▶ _Data segment_:

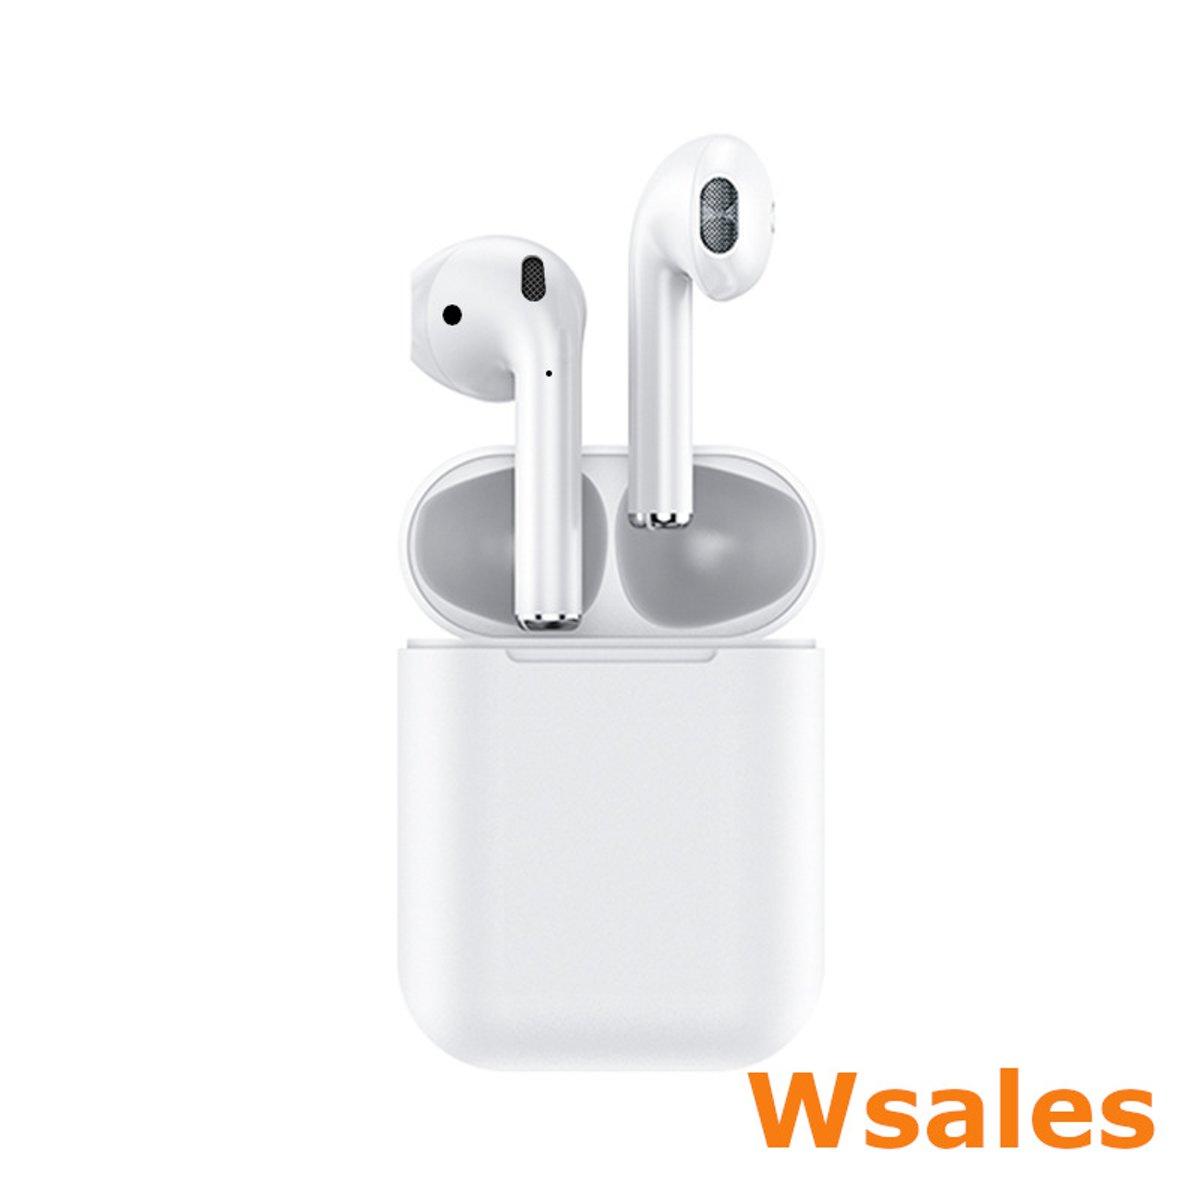 Draadloze Bluetooth oortjes in ear | Draadloze oordopjes in ear | Wit | True Wireless Sound | Alternatief op AirPods | Bluetooth 5.0 | Touch bediening | Stereo geluid | Headset | Individueel te gebruiken | Wsales
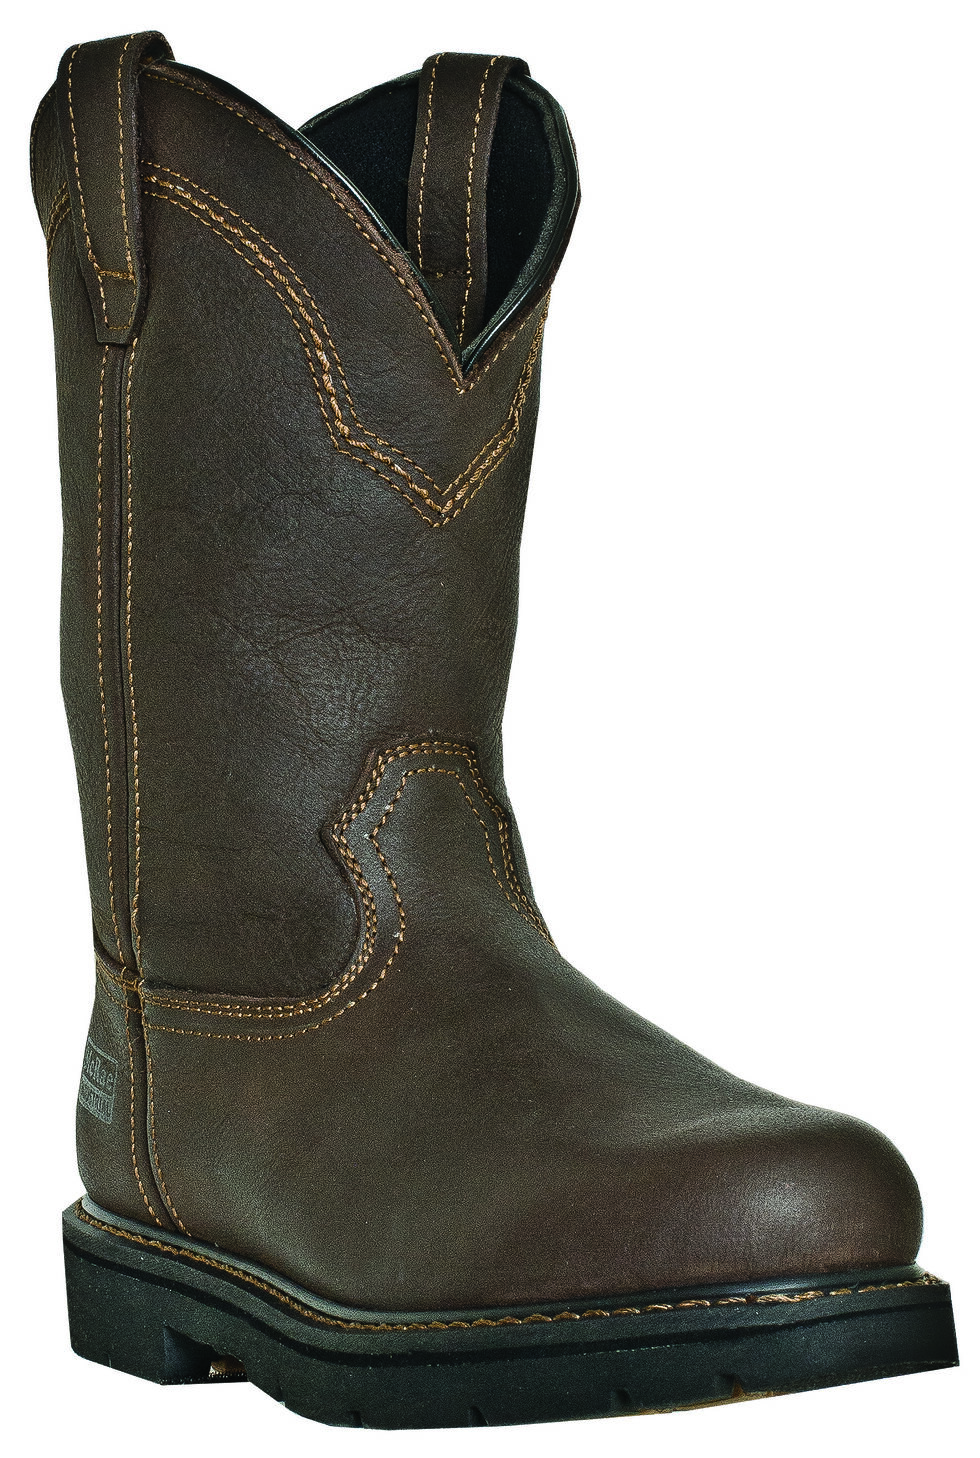 McRae Men's Pull-On Work Boots - Steel Toe, Brown, hi-res
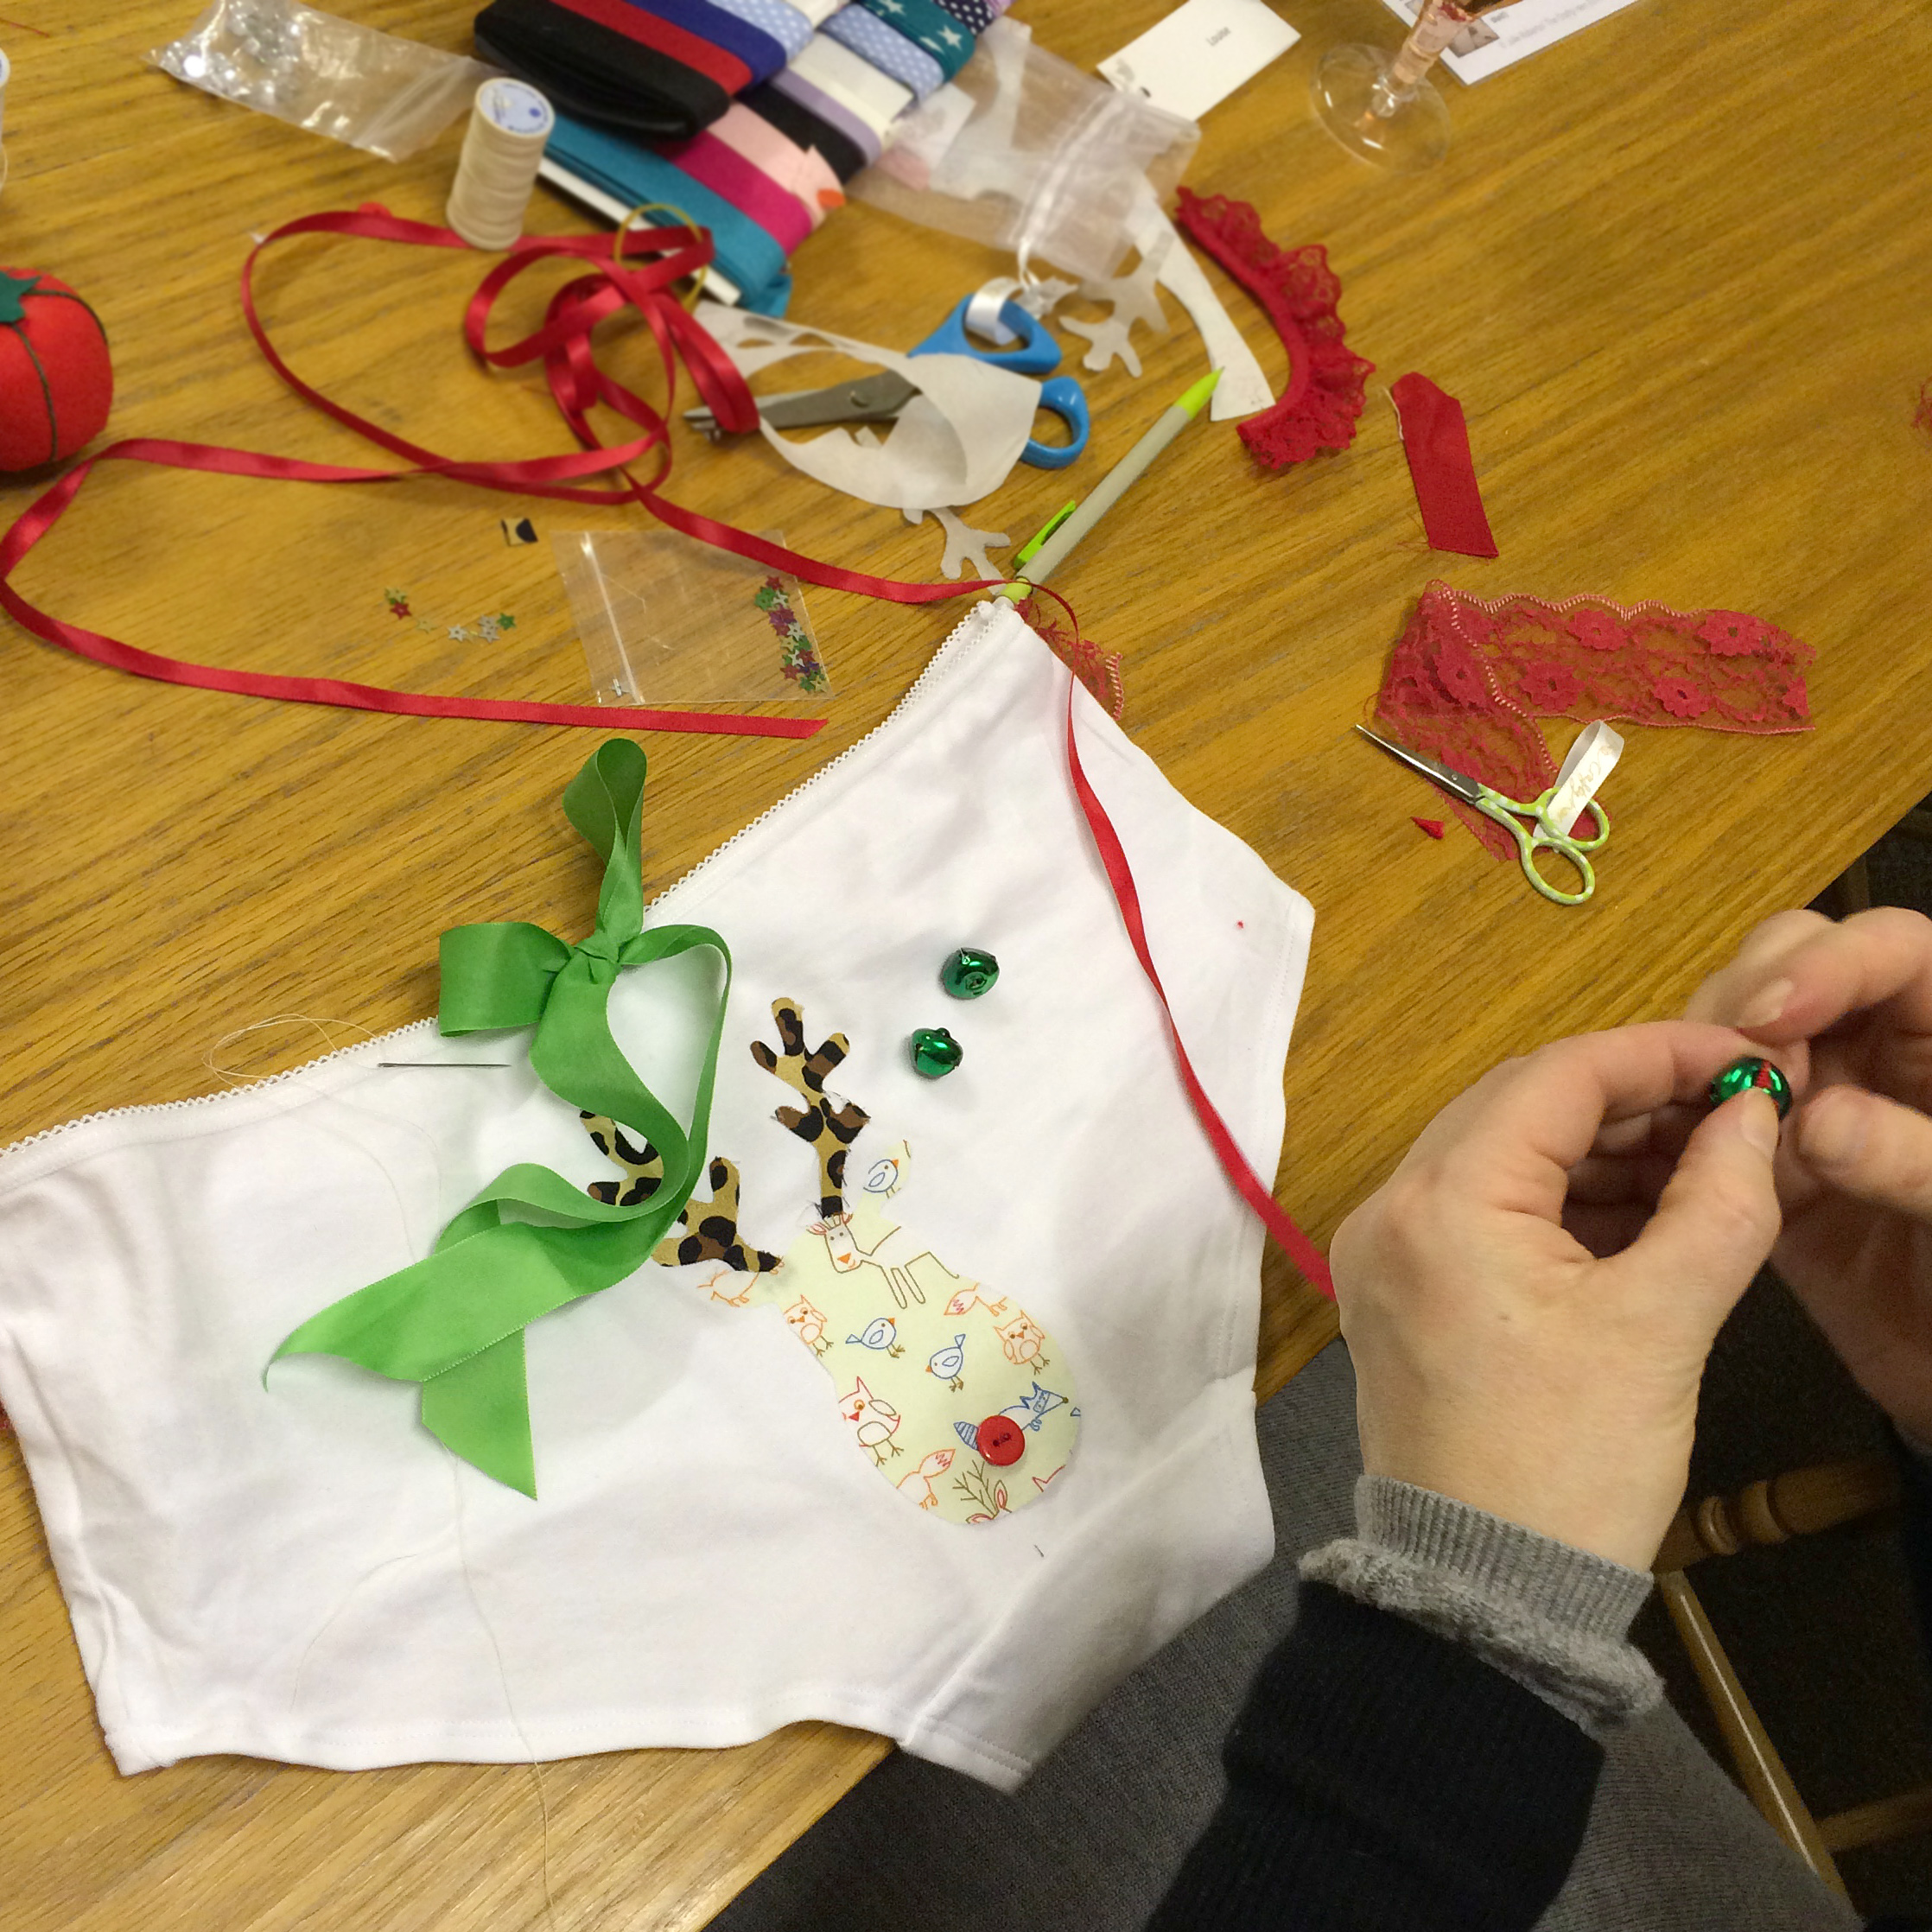 Christmas Knicker Making The Crafty Hen.jpeg

▶ _Prompt_: Reproduce the material word for word, pictures excluded.

▶ _Your solution_:
 Draadloze Bluetooth oortjes in ear | Draadloze oordopjes in ear | Wit | True Wireless Sound | Alternatief op AirPods | Bluetooth 5.0 | Touch bediening | Stereo geluid | Headset | Individueel te gebruiken | Wsales
 McRae Men's Pull-On Work Boots - Steel Toe, Brown, hi-res
 Christmas Knicker Making The Crafty Hen.jpeg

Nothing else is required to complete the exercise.